Majed è arrivato in Italia nel 2019 dopo una traversata nel Mediterraneo, accolto dalla onlus CIAC a Parma. La protezione internazionale gli ha permesso di ricostruire la sua vita a Fidenza: un lavoro stabile nella logistica, una casa e una comunità che lo ha accolto. Per quattro anni ha creduto di aver trovato un futuro. Poi, nel 2023, una telefonata cambia tutto. Suo padre, a Gaza, ha avuto un infarto e lui parte per stargli accanto, ignaro di ciò che lo attende.
Il 7 ottobre 2023 Hamas attacca Israele. La risposta è immediata e brutale: Gaza viene isolata e i bombardamenti si susseguono senza tregua. La famiglia di Majed è costretta a fuggire dal campo profughi di Jabalya, vagando senza meta alla ricerca di un riparo. Per un periodo si rifugiano in una scuola dell’UNRWA, finché anche quel luogo viene colpito. Senza altra scelta, continuano a spostarsi. Fame, sete e paura li accompagnano in ogni passo. «Non riesco a prelevare dalla mia banca», dice mentre mostra il suo bancomat, «ce li ho i soldi, ma non posso comprare cibo». Per qualche tempo trovano riparo nell’ospedale Al Shifa, ma decidono di andarsene appena in tempo, prima dell’assedio dell’Idf fra marzo e aprile 2024.
Eppure, in mezzo al caos, Majed trova qualcosa di inaspettato: Lasim, sua moglie ora incinta. Un legame che gli dà forza, ma anche una nuova urgenza. Deve andarsene. Scrive senza sosta al consolato generale italiano a Gerusalemme per ottenere i documenti necessari a lasciare Gaza, ma ogni tentativo si scontra con le restrizioni imposte da Israele. «Ogni giorno vedo persone partire, ma io resto bloccato», racconta.
A migliaia di chilometri di distanza, a Fidenza, qualcuno non si è dimenticato di lui. Il sindaco Daniele Malvisi scrive al ministro degli Esteri Antonio Tajani, chiedendo un intervento urgente: «Dopo 20 giorni dal cessate il fuoco, è inaccettabile che Majed sia ancora intrappolato». Anche la cittadinanza si mobilita: Potere al Popolo Fidenza lancia una campagna per farlo nominare “assessore alla pace”, nella speranza di attirare l’attenzione sulle sue condizioni. Una proposta che si scontra con limiti istituzionali e burocratici.

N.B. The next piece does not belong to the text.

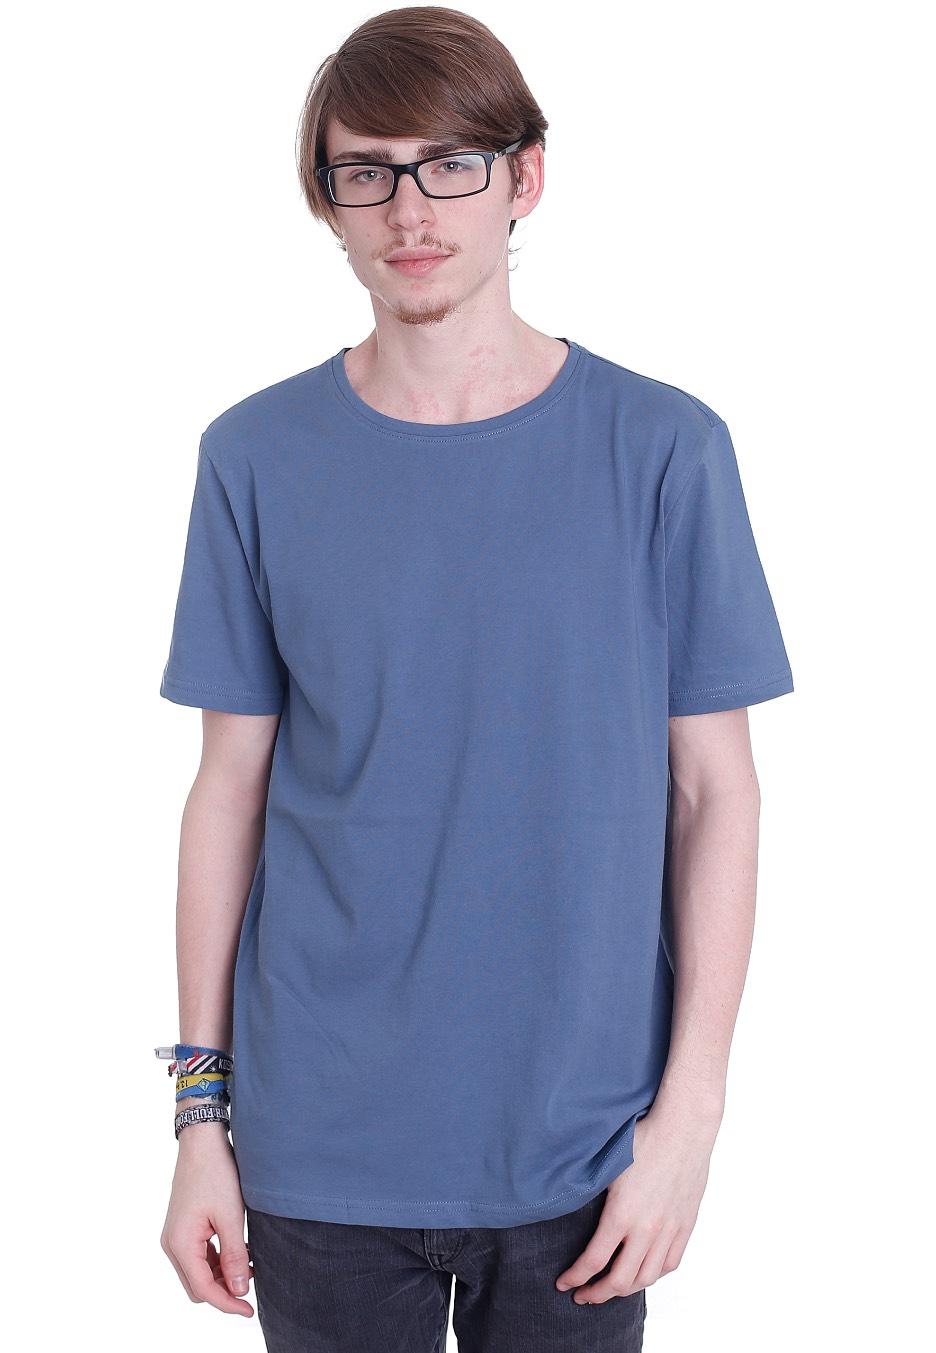 Dr. Denim - Patrick Bad News Blue - - T-Shirts

Intanto, la guerra non si ferma. Le bombe continuano a piovere su Gaza, distruggendo case, scuole e ospedali. Il 19 marzo un aereo atterra a Milano Linate ma lui non è a bordo. Il volo è riservato a nove bambini palestinesi gravemente malati e le loro famiglie. «Aspetto e spero», dice, la voce colma di fatica. «Voglio solo un posto sicuro dove vivere». Ma mentre le macerie si accumulano e il tempo scorre, la diplomazia resta immobile. E Majed continua ad aspettare.